2.2.3 Mécanismes sous-jacents à la plasticité des cartes sensorielles

Tous les exemples traités précédemment indiquent deux périodes possibles d’apparition du phénomène de plasticité : il serait soit quasi-immédiat, soit surviendrait après plusieurs semaines. Cela laisse supposer que deux processus différents pourraient être à l’origine de la réorganisation. Les deux mécanismes proposés sont d’une part le démasquage de connections présentes mais initialement inactives et d’autre part la croissance de nouvelles connections (repousse neuronale).

Puisque la période de croissance de nouvelles connexions est assez longue, les phénomènes de réorganisation qui se produisent entre quelques minutes et plusieurs heures impliquent certainement le démasquage de synapses excitatrices latentes. Un tel démasquage a de multiples conséquences ; il peut induire une libération accrue de neurotransmetteurs excitateurs, une densité accrue de récepteurs postsynaptiques, des changements de conductance de la membrane augmentant les effets d’afférences faibles ou distantes, le déplacement d’éléments présynaptiques vers un site plus favorable, une diminution d’afférences inhibitrices ou encore une suppression de l’inhibition exercée par des afférences excitatrices (Kaas, 1991).

Parmi toutes ces possibilités, la plus impliquée dans cette plasticité à court-terme est la suppression ou l’inhibition de synapses excitatrices, causée par une réduction de l’inhibition GABAergique. En effet, l’inhibition GABAergique est désormais considérée comme un des facteurs principaux dans la plasticité corticale. Le GABA est le neurotransmetteur inhibiteur le plus important dans le cerveau (Jones, 1993). Les neurones GABAergiques constituent entre 25 et 30% de la population neuronale dans le cortex et leur connections horizontales peuvent s’étendre à plus de 6 mm (Gilbert et Wiesel, 1992 ; Jones, 1993).

Mais cette plasticité n’est pas suffisante à elle seule pour expliquer les réorganisations observées au niveau cortical. En effet, la longueur des arborisations thalamo-corticales est parfois trop faible par rapport à l’expansion corticale observée dans les territoires adjacents (Florence et Kaas, 1995). A plus long-terme, d’autres mécanismes doivent donc s’ajouter au démasquage des connexions pré-existantes.

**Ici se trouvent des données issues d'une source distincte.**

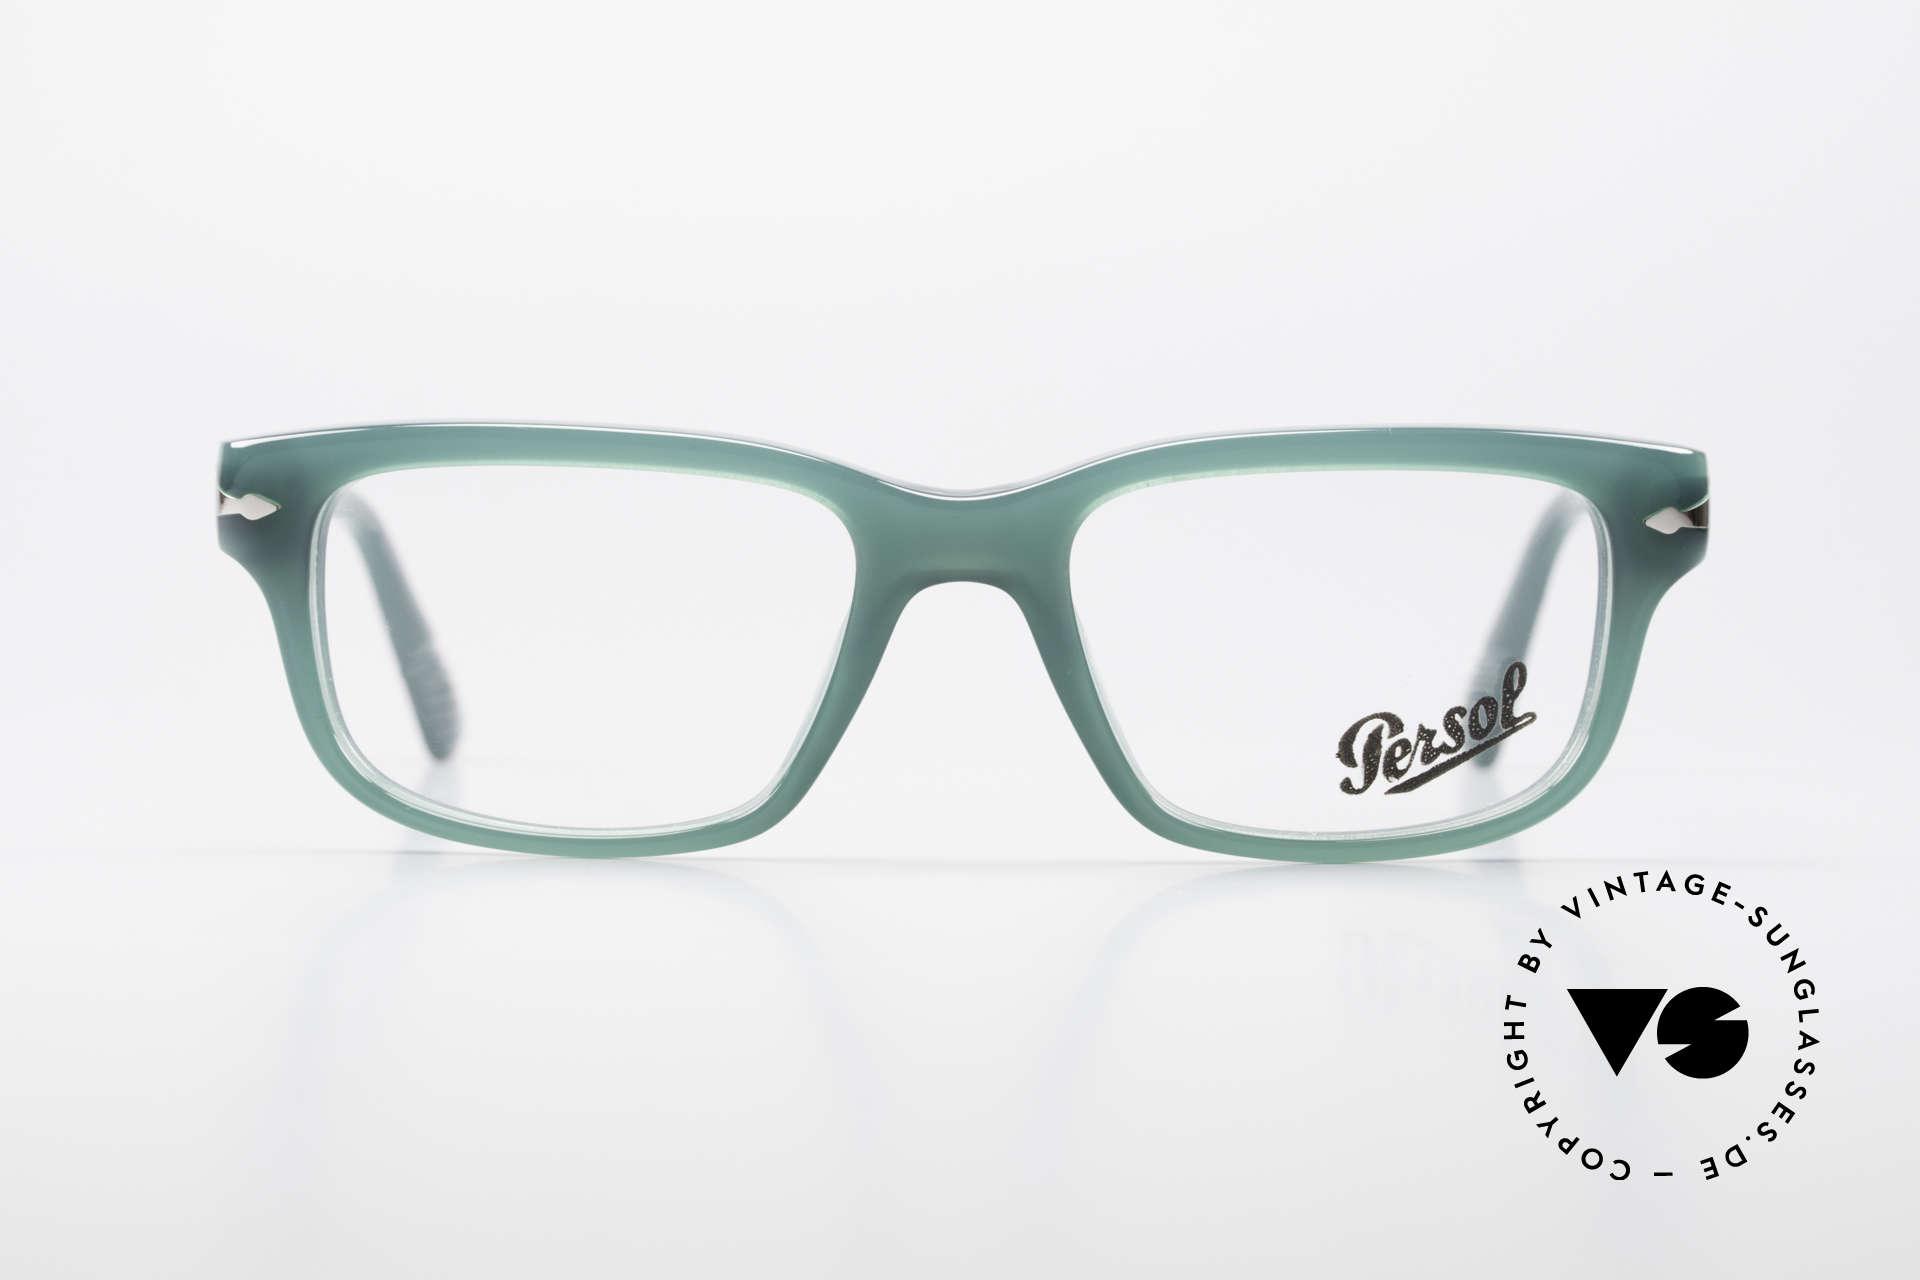 Persol 3073 Film Noir Edition Eyeglasses, Film Noir Edition: Persol arrow = Phoenix arrow, Made for Men
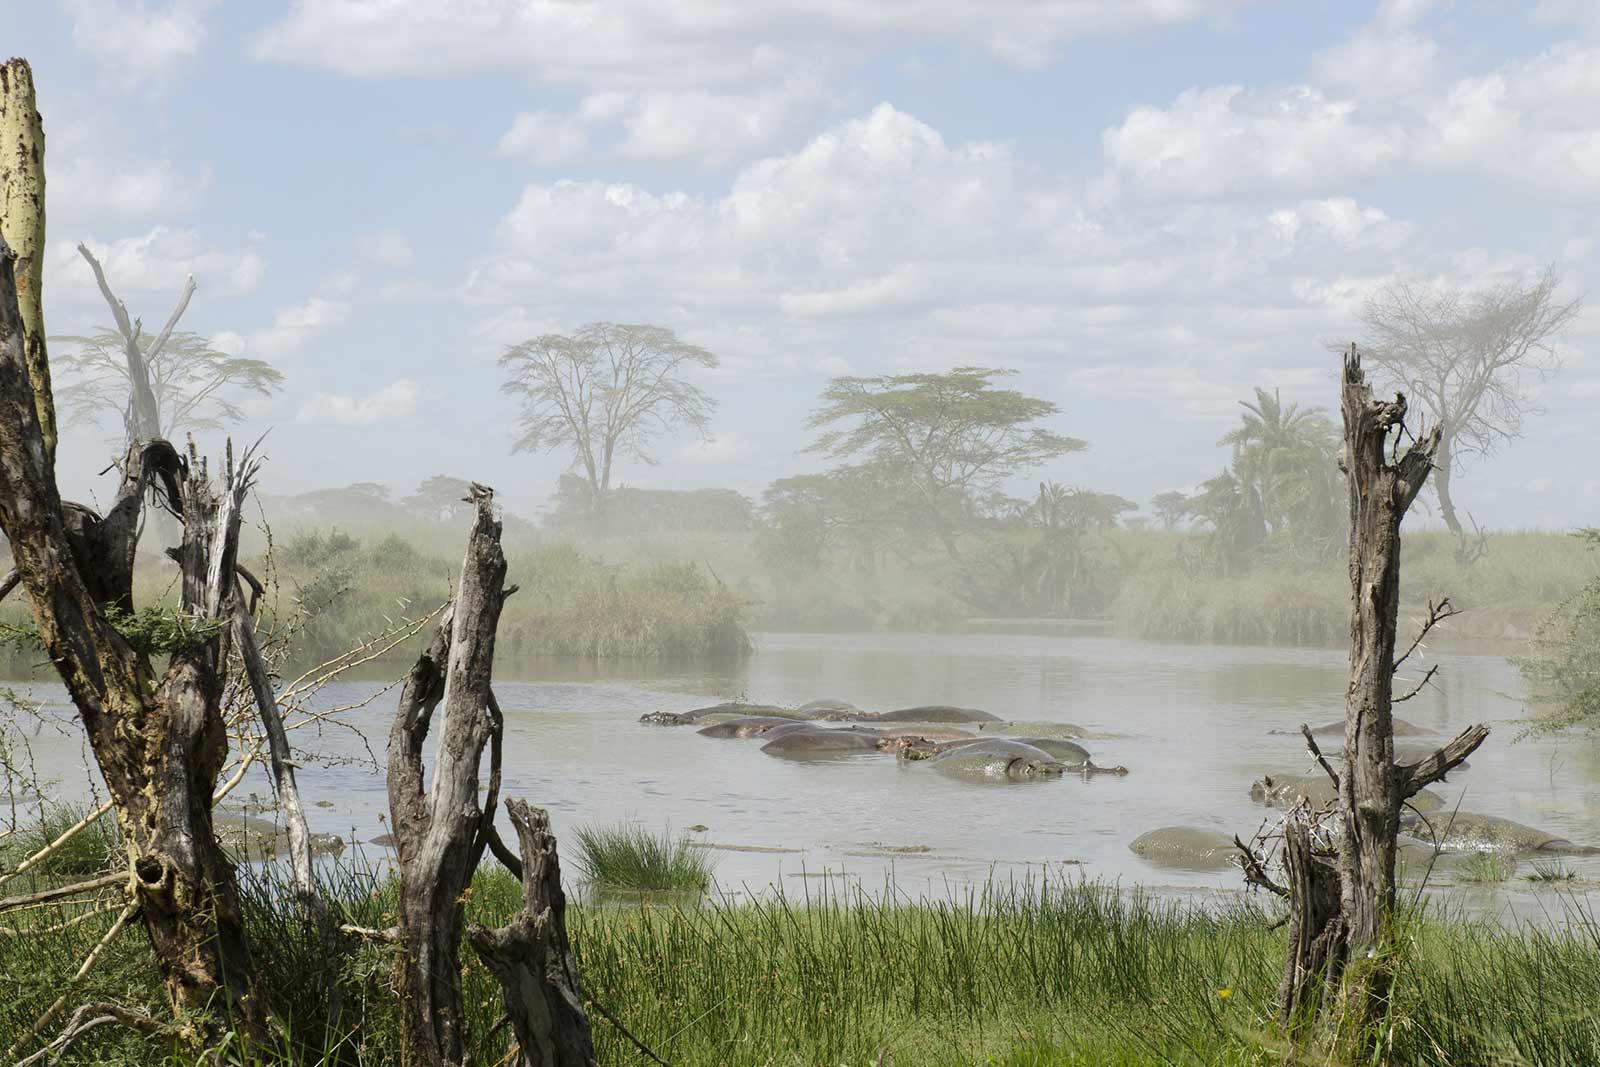 Hippos in uganda

Dans les voies centrales, de nouvelles connexions pourraient se former entre des zones intactes et des zones situées dans la lésion et augmenter la représentation des fréquences saines. Ce phénomène de pousse neuronale a été démontré dans toutes les modalités (somesthésique : Florence et al., 1993, visuelle : Darian-Smith et Gilbert, 1994, auditive : Bilak et al., 1997).

Dans la modalité auditive, après une lésion périphérique provoquée par un traumatisme sonore, les neurones du noyau cochléaire sont capables de repousser (Bilak et al., 1997). Cette repousse axonale, ajoutée aux phénomènes de démasquage, pourrait expliquer toute la réorganisation corticale observée en cas de lésion périphérique.

Ces deux mécanismes pourraient expliquer les phénomènes de réorganisation se produisant lors de la suppression d’une partie de l’information afférente.

Dans l’exemple d’une perte auditive abrupte, le premier mécanisme de plasticité impliquerait la levée de l’inhibition exercée par les neurones situés dans la perte auditive vers les neurones localisés en bordure de perte. A plus long terme, les neurones situés dans les régions saines pourraient également envahir les régions voisines vacantes, ce qui modifierait la carte tonotopique corticale en faveur des régions saines de la cochlée. Cela engendrerait la sur-représentation de la dernière fréquence saine dans le cortex auditif.

Chez l’humain, il est cependant difficile de vérifier ces hypothèses, puisqu’il est d’une part particulièrement aléatoire de cibler précisément la date d’apparition de la perte auditive et que l’étude de réorganisation à si petite échelle est toujours inadaptée.